As an owner, I don't want to be stuck with somebody else's stupid rules (not talking about safety stuff or good practices...just the stupid games unions play). I want to do what fits the employees working for me. If 2 have the same title, but one is more productive than the other shouldn't he get paid more? If they are in a union, that is prohibited. If we need to reduce the number of employees, I'd want to keep the best which may or may not be the longest tenured. If they are in a union, that is prohibited.


----------



## Del_ (Nov 17, 2017)

Just so no to unions.


----------



## Jason Douglas (Nov 18, 2017)

It would require that tree work to be treated like plumbing and electric where one has to be licensed and gone through a long training and education process. While this would help get the bar off the damn ground I dont see it happening anytime soon.


----------



## Wildwil (Nov 18, 2017)

ATH said:


> I'm not sure there are enough contract climbers to make that useful - at least not around here. Most are employed rather than independent. Most markets, good climbers are in short supply. But that, obviously, changes drastically by location.
> 
> This statement is quite the oxymoron in many industries around here: "if they hire from the union it will be top of the line workers".
> 
> As an owner, I don't want to be stuck with somebody else's stupid rules (not talking about safety stuff or good practices...just the stupid games unions play). I want to do what fits the employees working for me. If 2 have the same title, but one is more productive than the other shouldn't he get paid more? If they are in a union, that is prohibited. If we need to reduce the number of employees, I'd want to keep the best which may or may not be the longest tenured. If they are in a union, that is prohibited.





ATH said:


> I'm not sure there are enough contract climbers to make that useful - at least not around here. Most are employed rather than independent. Most markets, good climbers are in short supply. But that, obviously, changes drastically by location.
> 
> This statement is quite the oxymoron in many industries around here: "if they hire from the union it will be top of the line workers".
> 
> As an owner, I don't want to be stuck with somebody else's stupid rules (not talking about safety stuff or good practices...just the stupid games unions play). I want to do what fits the employees working for me. If 2 have the same title, but one is more productive than the other shouldn't he get paid more? If they are in a union, that is prohibited. If we need to reduce the number of employees, I'd want to keep the best which may or may not be the longest tenured. If they are in a union, that is prohibited.





ATH said:


> I'm not sure there are enough contract climbers to make that useful - at least not around here. Most are employed rather than independent. Most markets, good climbers are in short supply. But that, obviously, changes drastically by location.
> 
> This statement is quite the oxymoron in many industries around here: "if they hire from the union it will be top of the line workers".
> 
> As an owner, I don't want to be stuck with somebody else's stupid rules (not talking about safety stuff or good practices...just the stupid games unions play). I want to do what fits the employees working for me. If 2 have the same title, but one is more productive than the other shouldn't he get paid more? If they are in a union, that is prohibited. If we need to reduce the number of employees, I'd want to keep the best which may or may not be the longest tenured. If they are in a union, that is prohibited.
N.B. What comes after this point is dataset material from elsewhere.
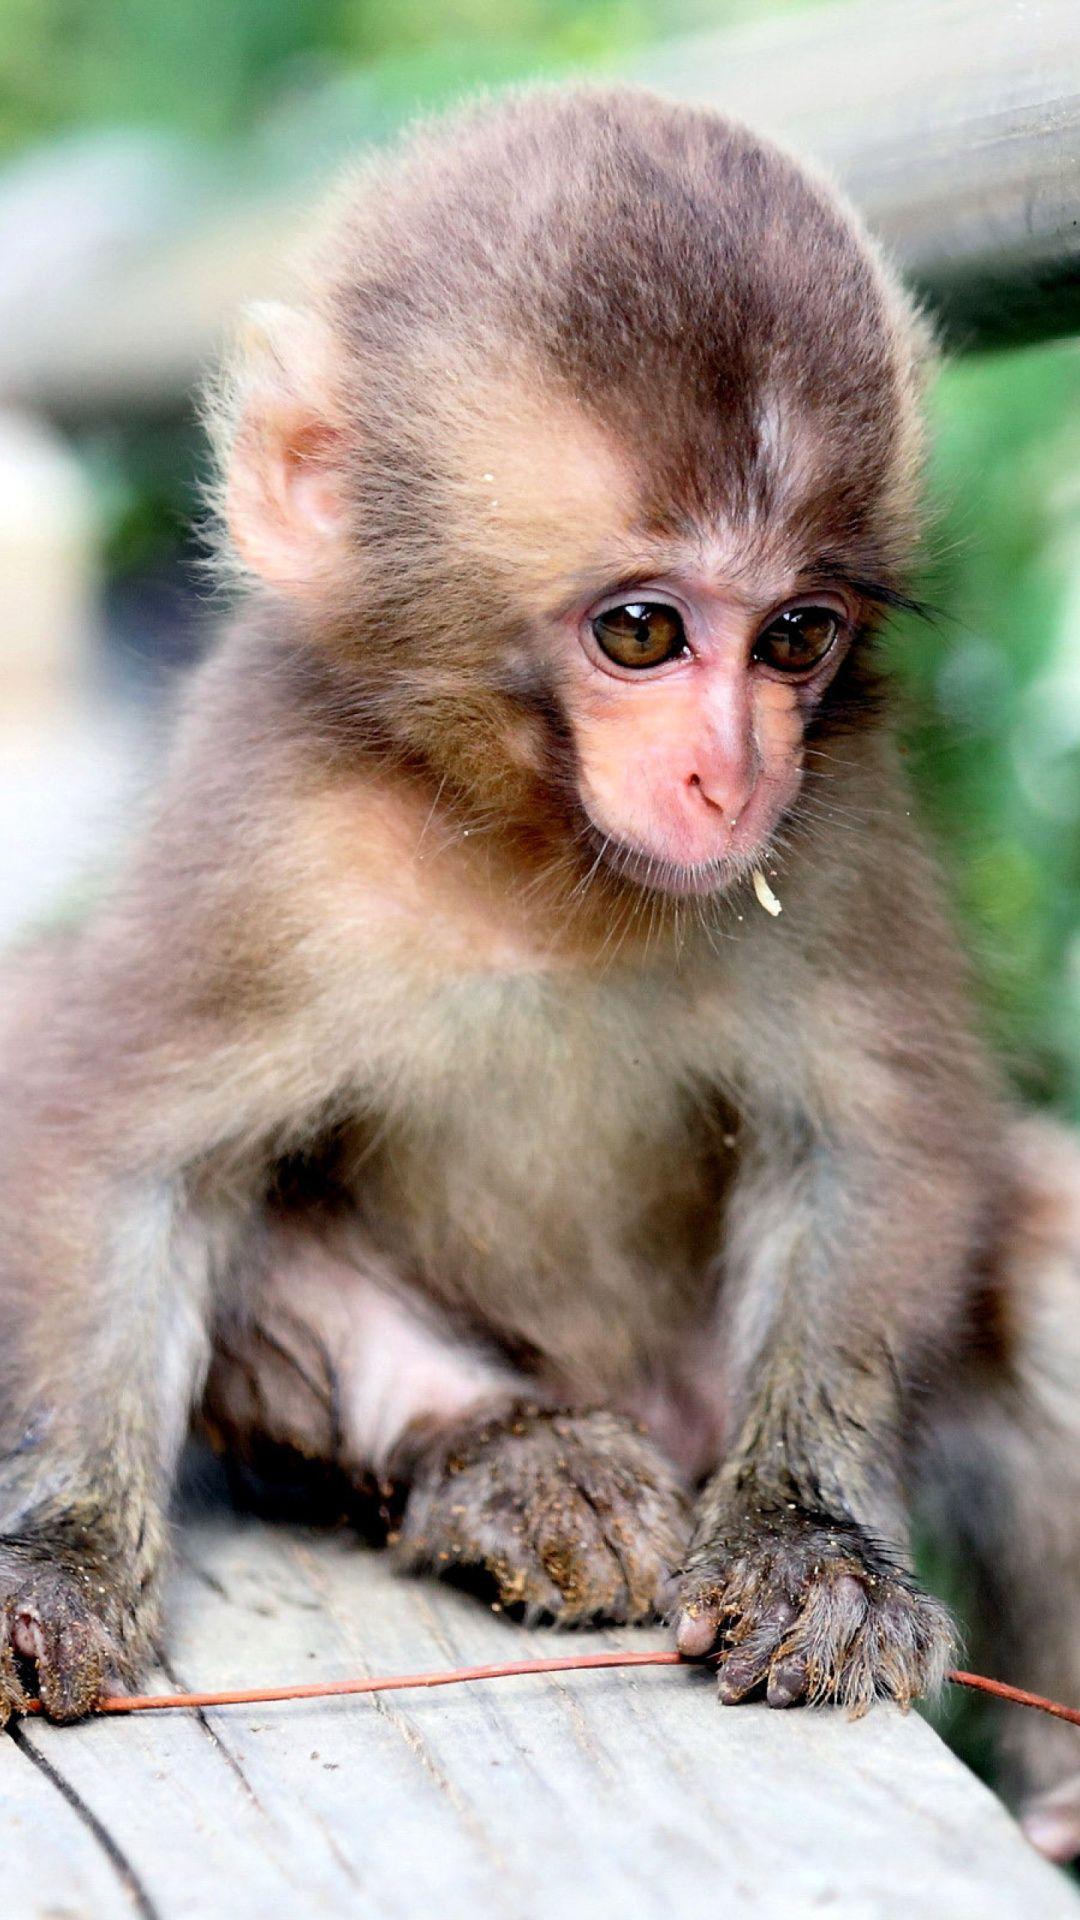 Sad Monkey Pictures
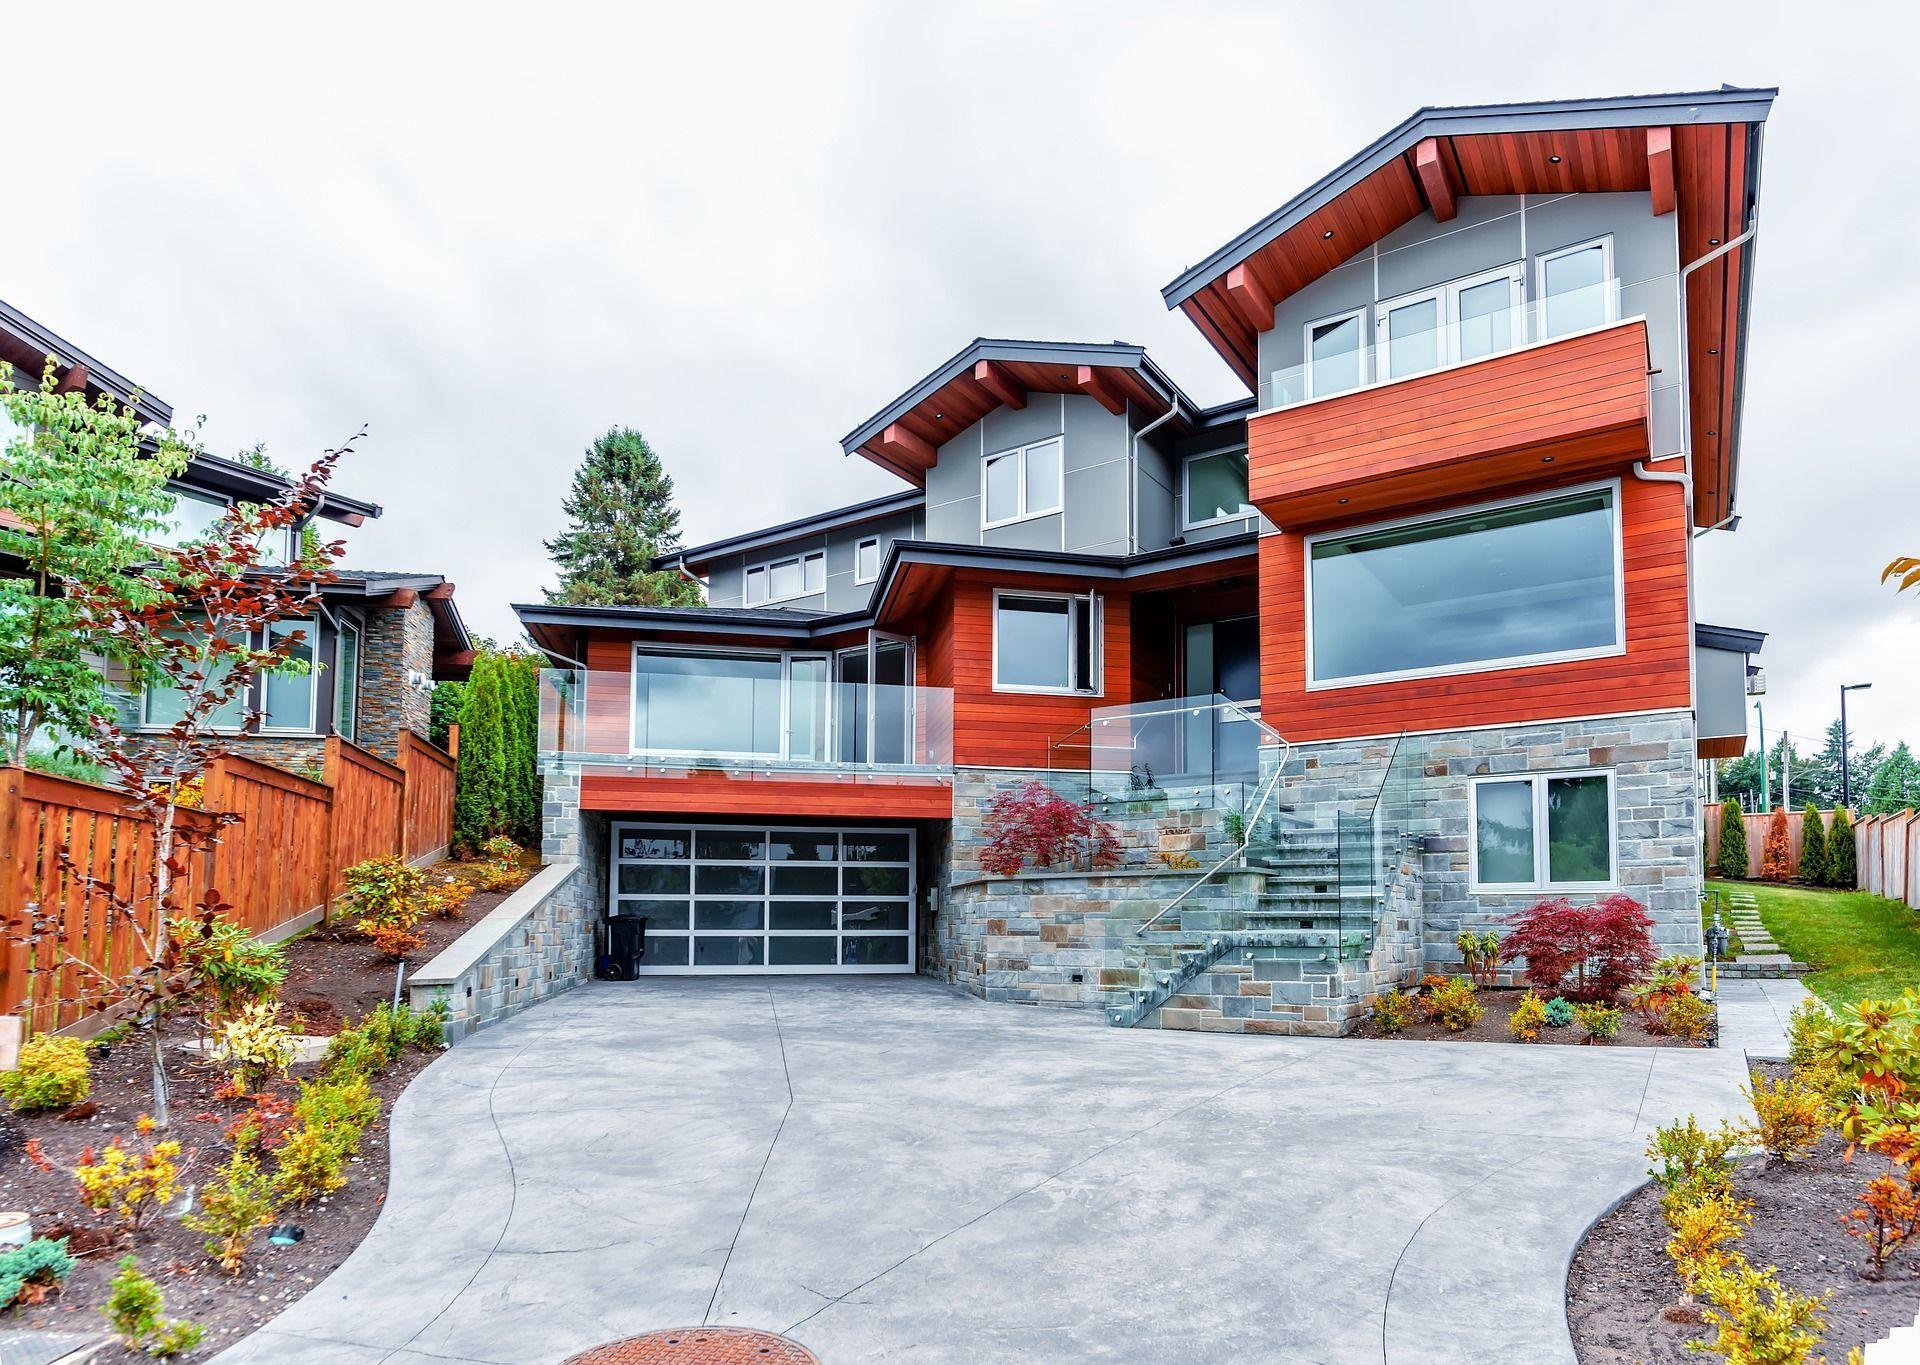 Glass Garage Door Options Quality Overhead Door In 2020 Bungalow House Plans Bungalow Homes House Exterior

ATH, that’s a good point. By no means am I promoting unions, it just seems like in my area, the greater Seattle area most of the climbers and grounds men are on drugs, lazy, and stupid. There are some good guys out there but not many. Also as a contract Climber I have not come across very many good employers either. I would just like to see more people take this industry a bit more serious.


----------



## Wildwil (Nov 18, 2017)

Yeah that would be better for everyone if there were a bit more regulations. I am a contract Climber with a liscence insurance l&i all the legal stuff. I enjoy it but I have worked with a lot of people that have no business being in this industry, it would be nice to eliminate all the people that just want to go make a million dollars with a chain saw hahaha. It would probly cut down on injury and deaths to.


----------



## ATH (Nov 18, 2017)

Wildwil said:


> ..... I would just like to see more people take this industry a bit more serious.


Agree 100% with that.

But I'm not sure MORE regulations is the answer. Current regulations are rarely enforced against hacks. Who is going to enforce the new ones?


----------



## tree MDS (Nov 18, 2017)

Wildwil said:


> Yeah that would be better for everyone if there were a bit more regulations. I am a contract Climber with a liscence insurance l&i all the legal stuff. I enjoy it but I have worked with a lot of people that have no business being in this industry, it would be nice to eliminate all the people that just want to go make a million dollars with a chain saw hahaha. It would probly cut down on injury and deaths to.



Hey, there are always gonna be bottom-feeders. I wouldn't get too carried away with yourself, I mean that's really all you're doing. Just saying.


----------



## thetoolnut (Nov 19, 2017)

tree MDS said:


> Hey, there are always gonna be bottom-feeders. I wouldn't get too carried away with yourself, I mean that's really all you're doing. Just saying.


Regs are great but the key is enforcement, tree work is highly regulated but enforcement of those regs is almost non existent. 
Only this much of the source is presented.